In clinical settings, patients respond differently to anti-Parkinson's drugs. The following three elements demonstrate the personalized variances in anti-PD medicines [8]. 1) Differences in initial effective dosage: the treatment of anti-PD drugs emphasizes the principle of dose titration. The minimal effective dosage required to induce adequate relief in clinical symptoms varies substantially across people. Some patients achieve considerable relief in symptoms after obtaining a lower dose of medication, whilst others must titrate to a higher dose in order to fulfill their fundamental needs in life. 2) Side effect differences: There is greater individual diversity in the side effects of anti-PD medications. Some people experience no or just slight adverse effects, whilst others experience major side effects such as palpitation, gastrointestinal issues, and impulse control disorder. 3) The disparities in motor problems: most patients who have been on anti-PD medicines for a long time will experience motor complications such as dyskinesia and wearing out, which will have a negative impact on their quality of life. However, the onset of motor problems varies widely between patients, and a small percentage of people who take anti-PD medications for many years still achieve good effectiveness. The mechanism behind this phenomenon remains unclear but many experts suggest a tic basis. In recent decades, mainly due to the development of sequencing technology and increased availability of affordable genetic testing methods, substantial progress has been made in the identification of genetic biomarkers of drug response. Particular gene variants have been associated with drug inefficacy, hypersensitivity, or increased toxicity risk. In addition, there have been efforts to define the role of genetic polymorphisms in optimizing the pharmacotherapy of PD. Studies of the role of genetic variation in human-to-human differences associated with drug responses and adverse reactions may shed light on the mechanisms underlying interindividual variability observed in response to antiparkinsonian agents [9].

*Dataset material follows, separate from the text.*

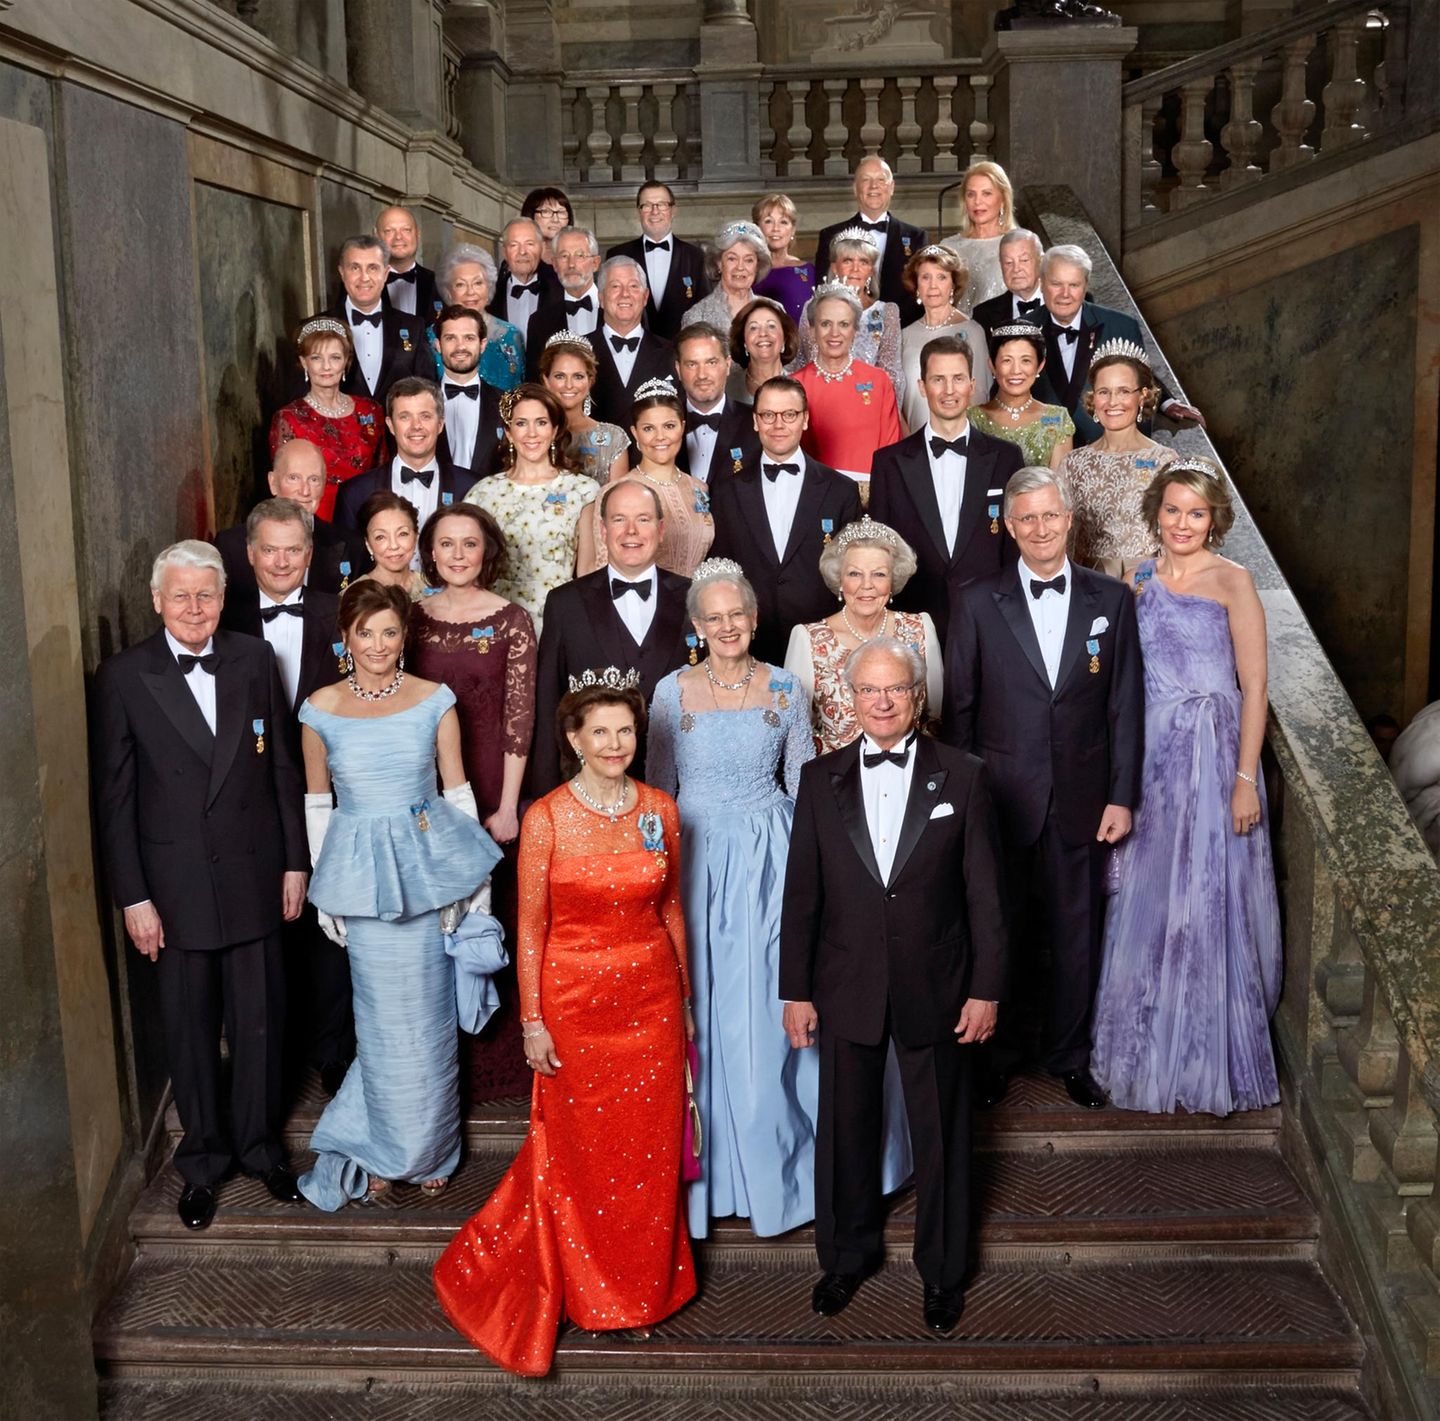 30. April 2016: Bankett  Das war ein Fest: Für ein Gruppenbild kommt die Geburstagsgesellschaft um König Carl Gustaf auf der Treppe des Königlichen Schloss gerne zusammen.

Current evidence-based medicine emphasizes drug efficacy in the entire population but ignores individual differences, which makes it less effective in specific subpopulations. Therefore, considering differences in genetic susceptibility, the individualized precision therapy strategy is desirable [9, 10]. The two main research areas in drug response variability are pharmacokinetics and pharmacodynamics. The accumulated to date mainly encompasses three effects of genetic variation on drug response characteristics: affecting serum drug concentration, changing the ability of a drug to cross the blood-brain barrier, and modifying pharmacodynamic characteristics [11]. Pharmacogenomics refers to the study of drug response in various diseases due to genetic variations and the development of new drugs or new drug use methods on this basis. Pharmacogenomic studies have proved that some drugs perform better in certain populations with specific genes, or that the selection of therapeutic drugs based on genes improves the effectiveness of drugs and avoids adverse reactions [12]. Therefore, the ultimate purpose of pharmacogenomics is to identify genetic factors for the different drug responses among individuals, providing a precise personalized medical treatment model. Anti-Parkinson's drugs show 60-90% variability in pharmacokinetics and pharmacodynamics [13]. Transport, metabolic, mechanistic, pathogenic, and polyclonal genes are involved in pharmacogenomics. Recently, increasing evidence suggested that pharmacogenomics affects the efficacy and safety of antiparkinsonian drugs. Therefore, combining personalized treatment of PD with pharmacogenomics could improve the efficacy and safety of drugs.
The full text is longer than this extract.